--- WHAT YOU NEED TO DO ---
Transcribe the listing below exactly, leaving out each image.

--- DATA BELOW ---
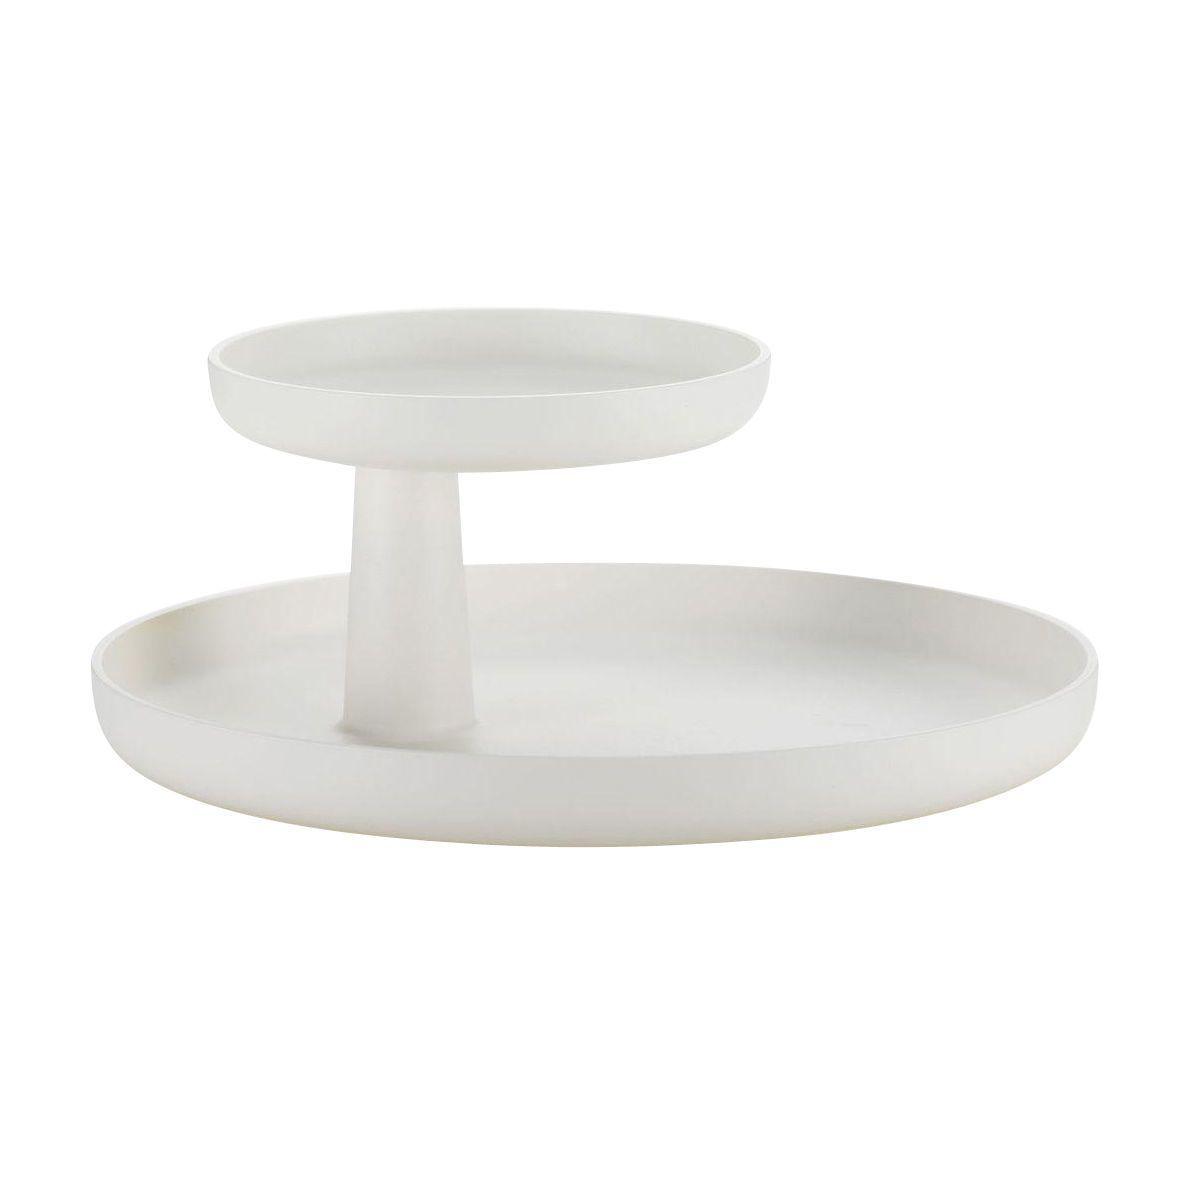 rotary tray vitra. Black Bedroom Furniture Sets. Home Design Ideas
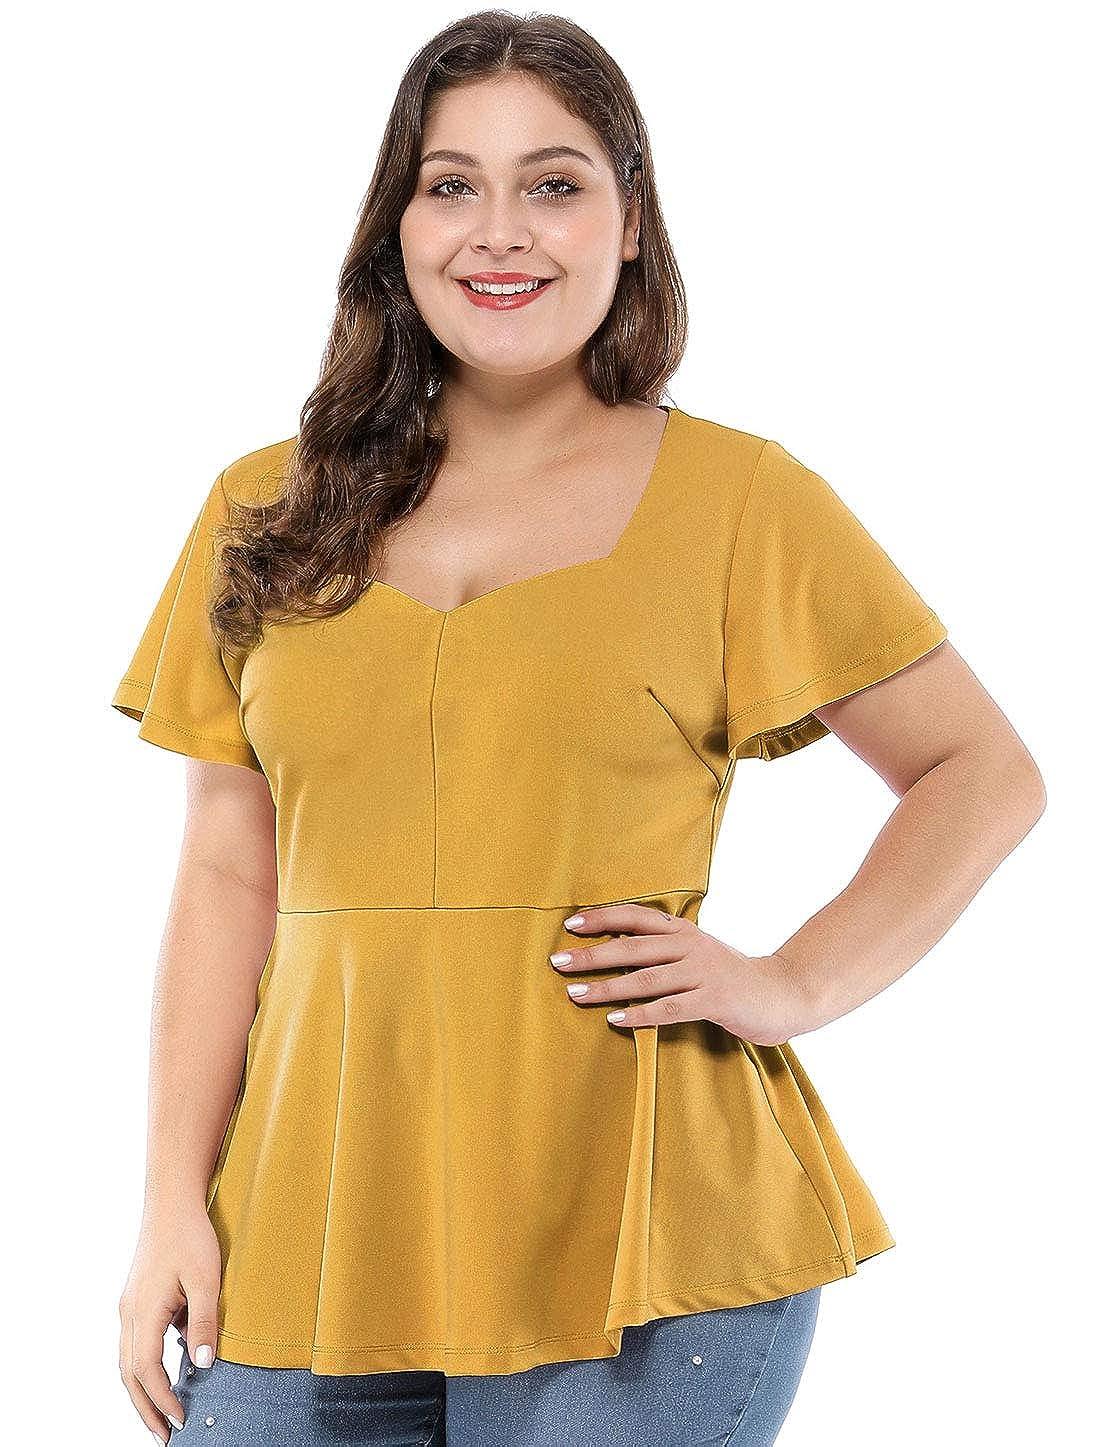 60d3e212 Agnes Orinda Women's Plus Size Ruffle Sleeves Sweetheart Peplum Top:  Amazon.ca: Clothing & Accessories
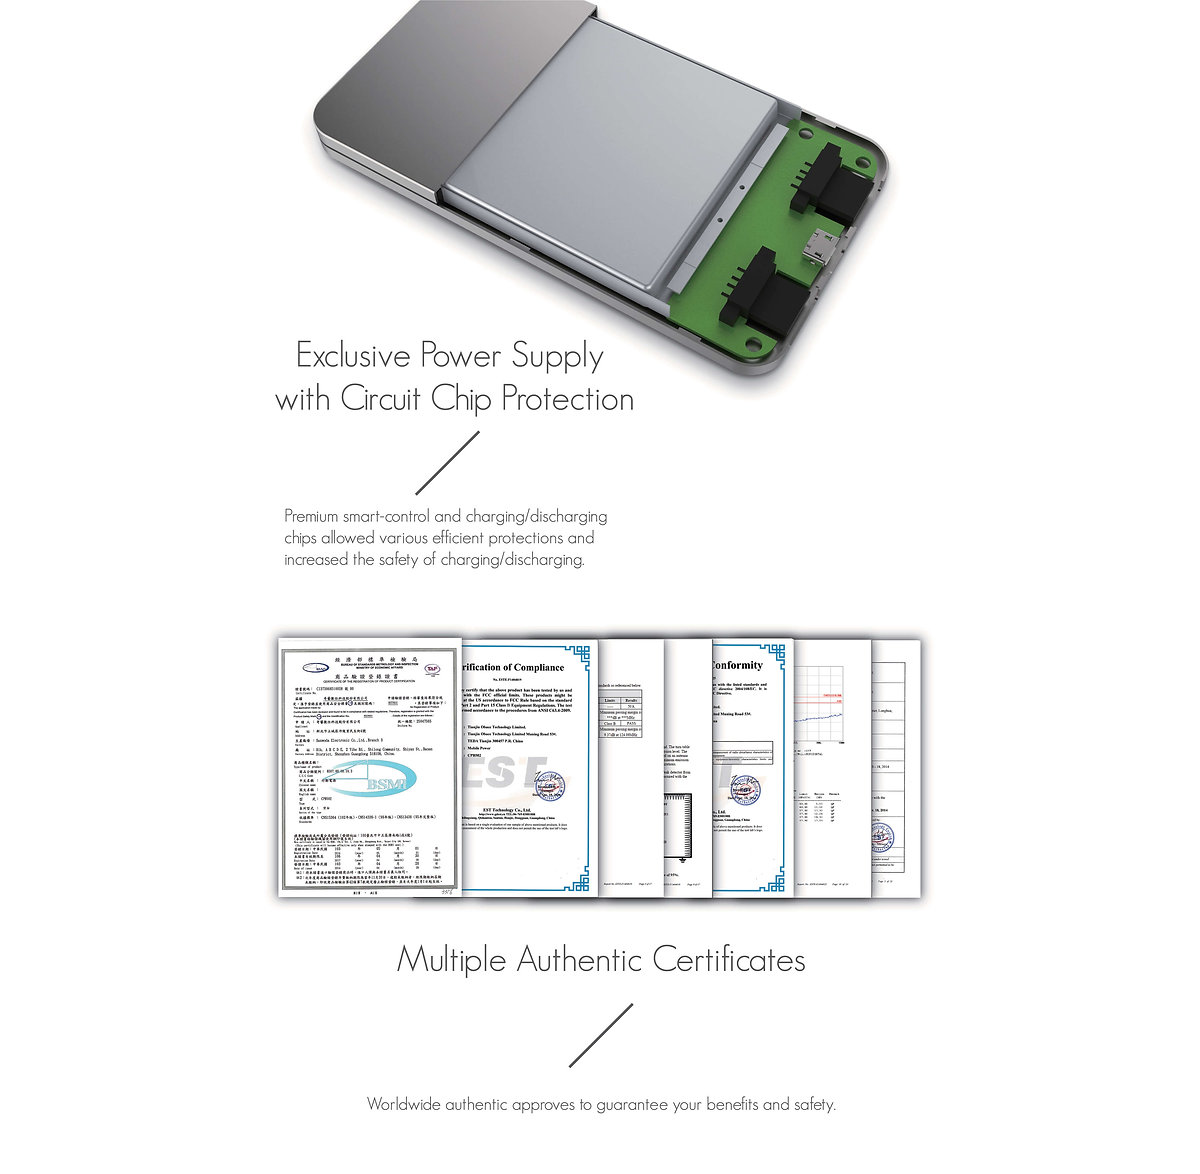 CPB502 wix-08.jpg
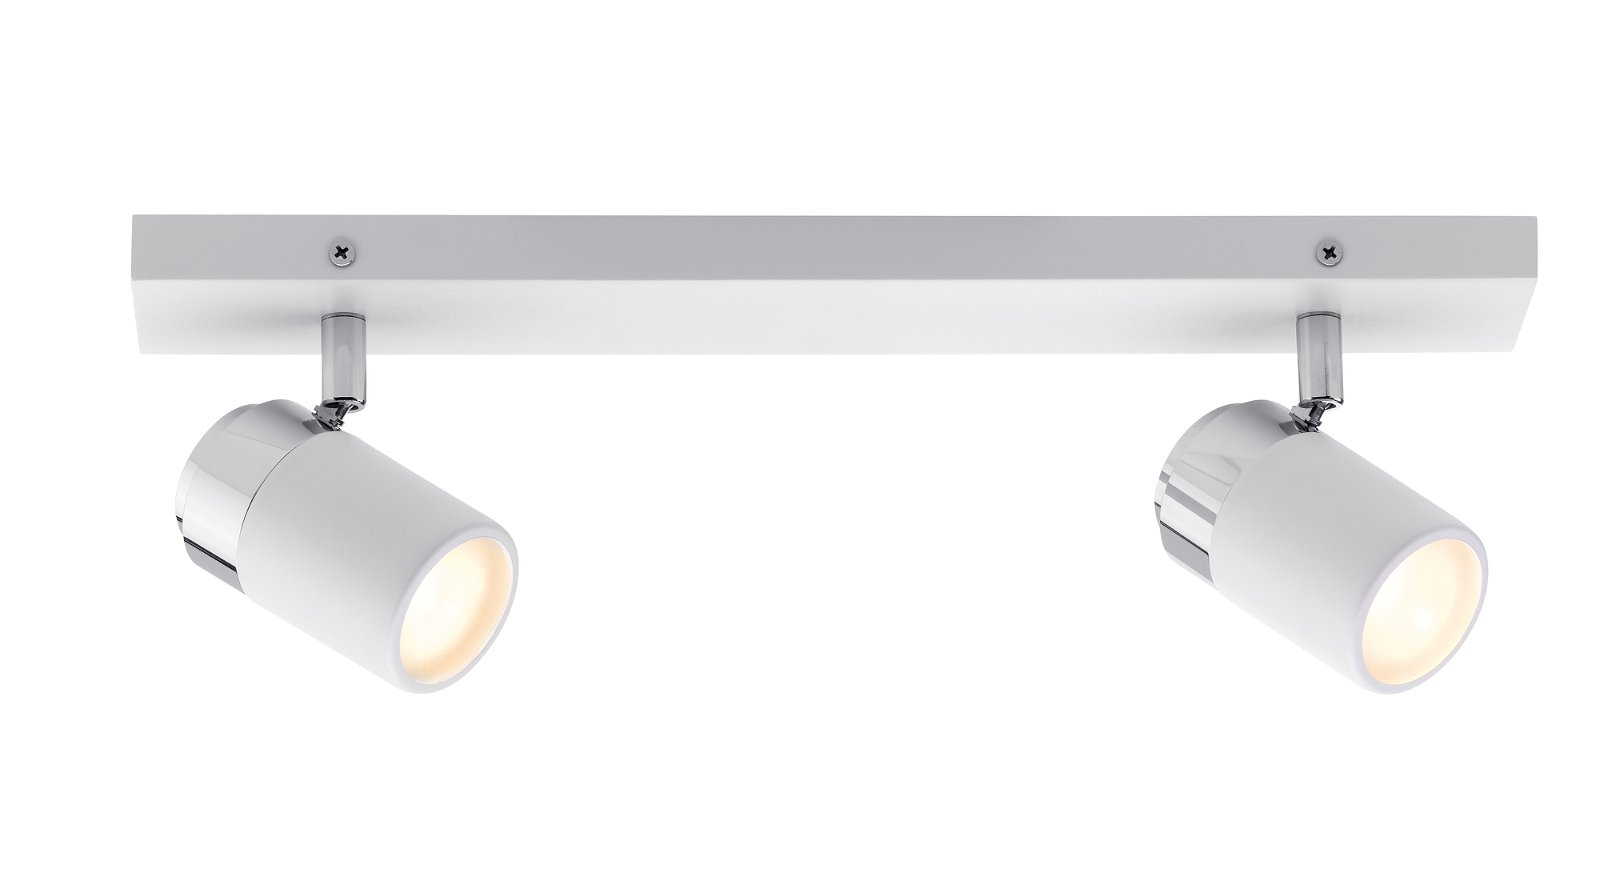 Spot de plafond Zyli IP44 GU10 230V max. 2x10W Blanc/Chrome

--- RESPONSE TO THE EXERCISE ---
 rotary tray vitra. Black Bedroom Furniture Sets. Home Design Ideas
 60d3e212 Agnes Orinda Women's Plus Size Ruffle Sleeves Sweetheart Peplum Top:  Amazon.ca: Clothing & Accessories
 CPB502 wix-08.jpg
 Spot de plafond Zyli IP44 GU10 230V max. 2x10W Blanc/Chrome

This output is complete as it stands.